Somy Ali Draws Attention to Lonliness!
As conversations around mental health and emotional well-being continue to gain urgency, former actress and humanitarian Somy Ali is drawing attention to a growing crisis that often goes unnoticed—loneliness.
Reacting to a recent survey that ranked India among the loneliest countries in the world, Somy reflected on how genuine human connection has become increasingly rare despite living in an age of constant communication.
“For a lot of people, it’s been a long time since someone genuinely asked, ‘How are you?’ and waited for the real answer,”Somy says. “We’ve trained ourselves to say ‘I’m fine’ so quickly that even when someone asks, we rarely tell the truth. In my work, I’ve sat with women and children who haven’t been truly heard in years. Sometimes just one person asking with real care—and then staying quiet long enough to listen—can make someone feel seen for the first time in a very long time.”
Having spent years working with survivors of abuse through her NGO, No More Tears, Somy believes loneliness is less about the number of relationships people have and more about the absence of meaningful conversations.
“You can be surrounded by family, colleagues, or even thousands of followers and still feel completely invisible,” she explains. “Loneliness isn’t always about being alone. It’s about not having even one person you can be completely honest with without fearing judgment or feeling like a burden.”
The activist also shared her thoughts on social media and whether it has genuinely brought people closer together.
“Social media has made us more visible to each other, but not necessarily more connected,” she says. “We see the highlights, the achievements, the carefully curated moments. What we rarely see are the breakdowns, the fear, or the nights someone spends crying alone. Real connection requires patience, presence, and the willingness to sit with someone else’s pain without trying to immediately fix it.”
According to Somy, finding authentic relationships has become more difficult than ever.
“Finding people is easy. Finding your people is hard,” she says. “It’s rare to find even one person with whom you can be completely yourself—without performance, without fear of being too much or not enough. After everything some of the survivors I work with have endured, that kind of emotional safety is incredibly difficult to find.”
She also points out that having hundreds of contacts or followers does not guarantee emotional support when it is needed most.
“I’ve seen people with full phones and thousands of followers who still have no one to call when they’re falling apart,”Somy notes. “Quantity doesn’t replace depth. When life gets truly difficult, many of those numbers go silent.”

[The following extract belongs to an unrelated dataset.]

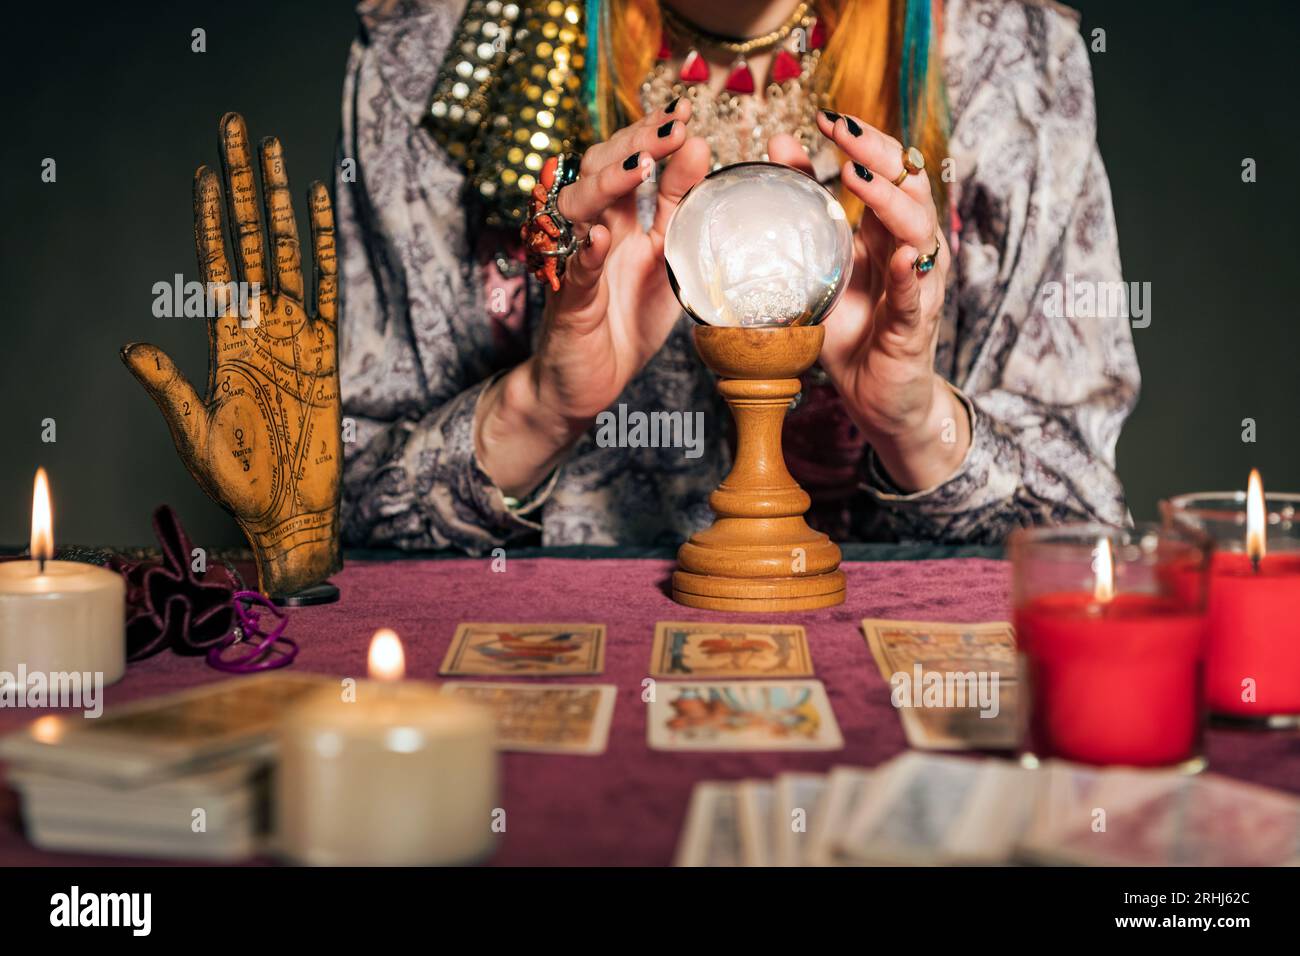 Recadrez-vous de fortune dans des vêtements authentiques assis à table avec des bougies allumées et des cartes de tarot tout en devinant l'avenir avec boule magique Banque D'Images
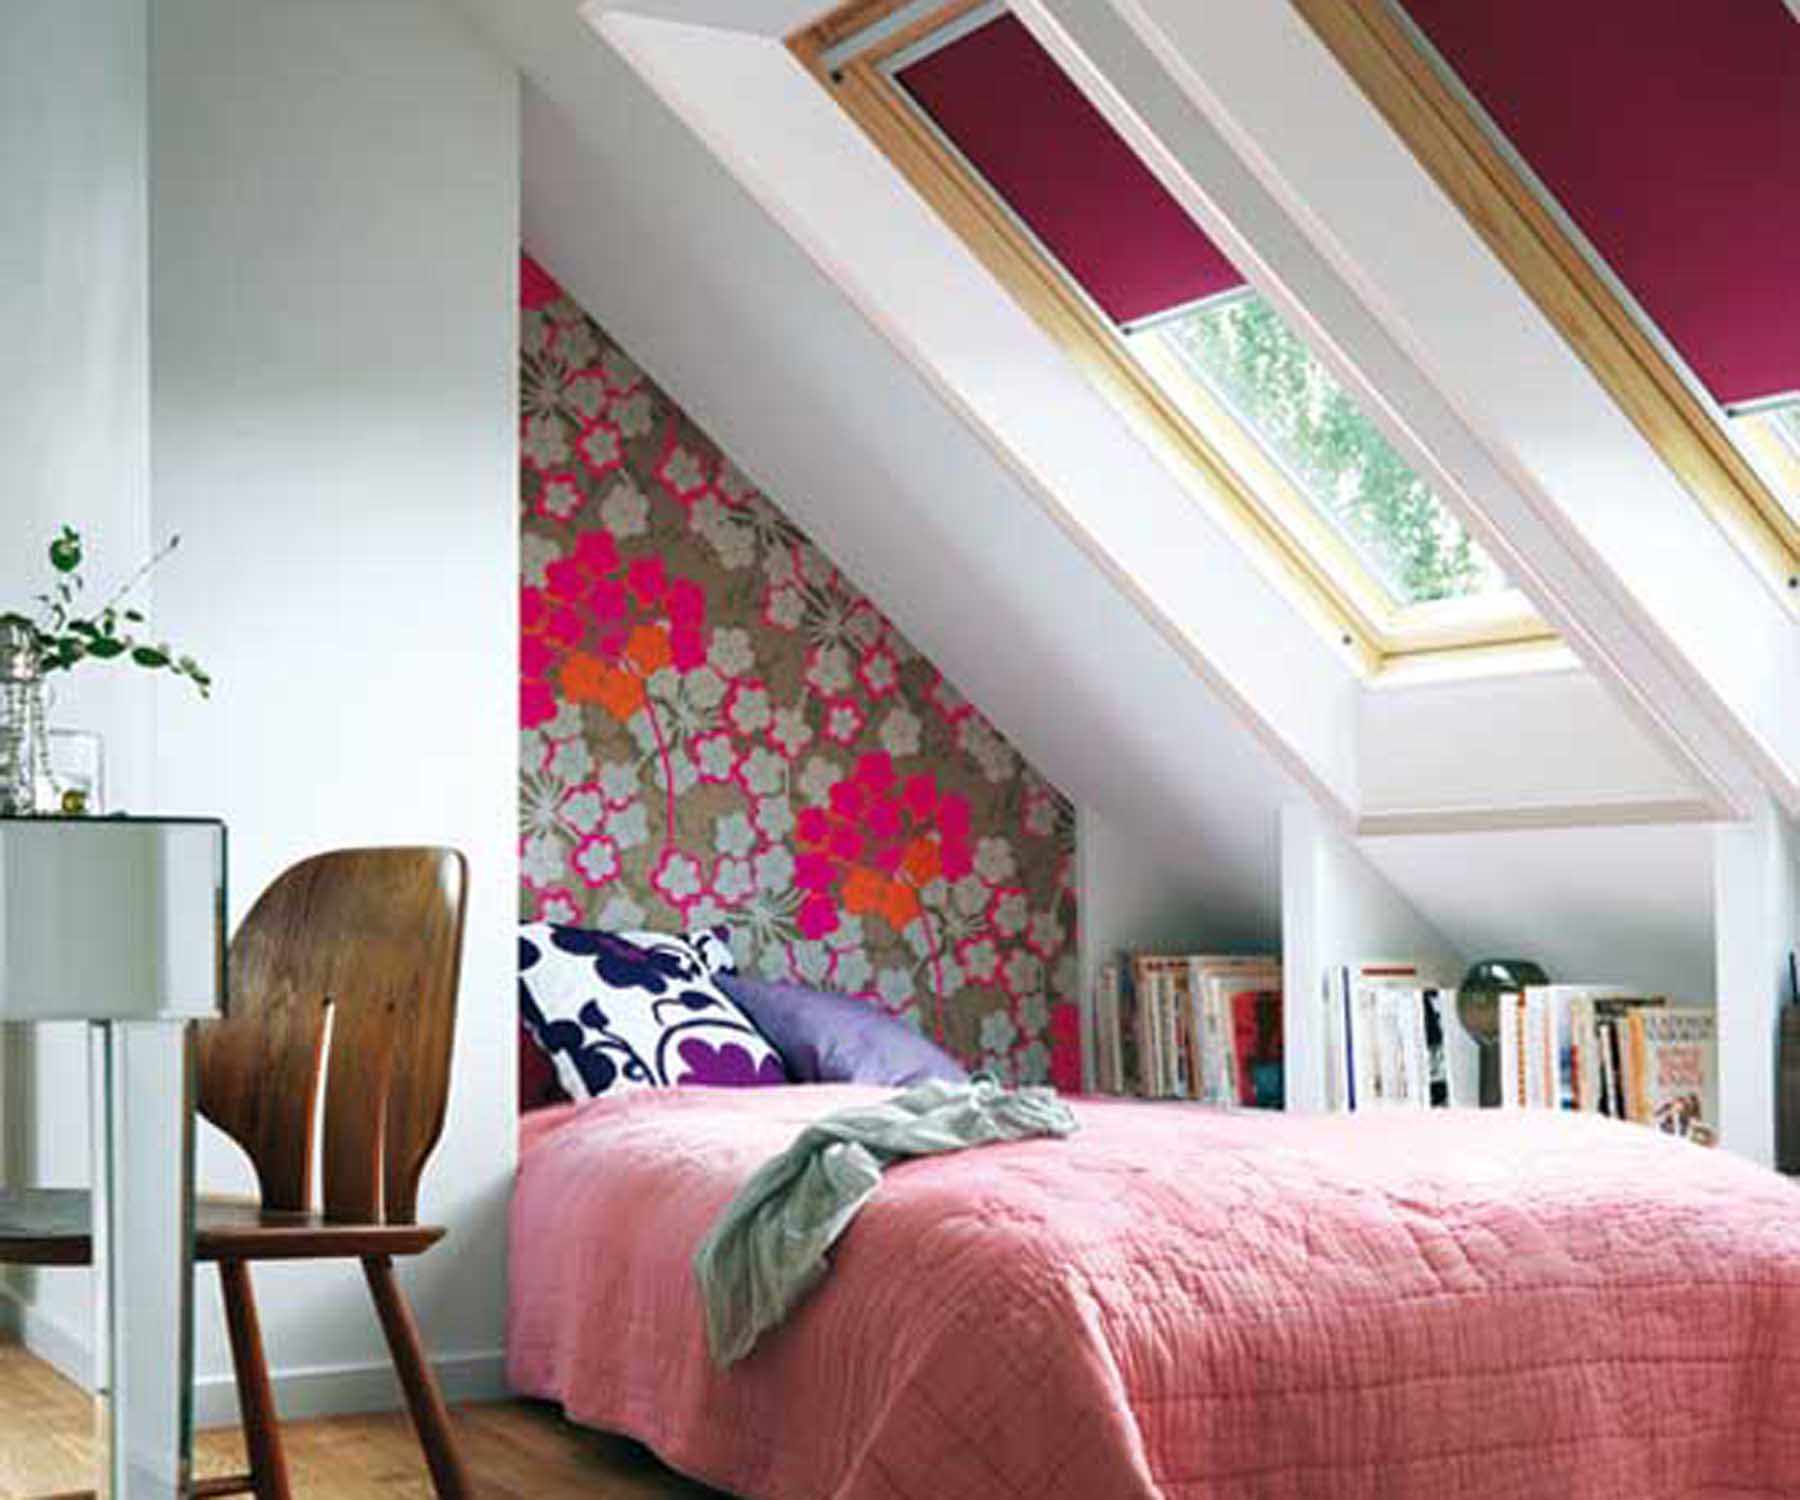 l'idea di una bellissima camera da letto interna in soffitta

The actress-turned-humanitarian believes that the rise of instant communication has also contributed to the decline of deeper conversations.
“We’ve become comfortable with quick check-ins and surface-level exchanges,” she says. “But healing and genuine connection require slow, honest, and sometimes uncomfortable conversations. Many people no longer know how to sit with pain—either their own or someone else’s.”
When asked about one message she wishes someone would send her today, Somy’s answer was strikingly simple.
“I wish someone would just say, ‘I’m here. You don’t have to explain anything. I’m not going anywhere.’ That’s it. No advice. No fixing. Just presence,” she says. “Sometimes that single sentence can keep someone from falling apart completely. I’ve witnessed that many times in my own life and through the work we do at No More Tears.”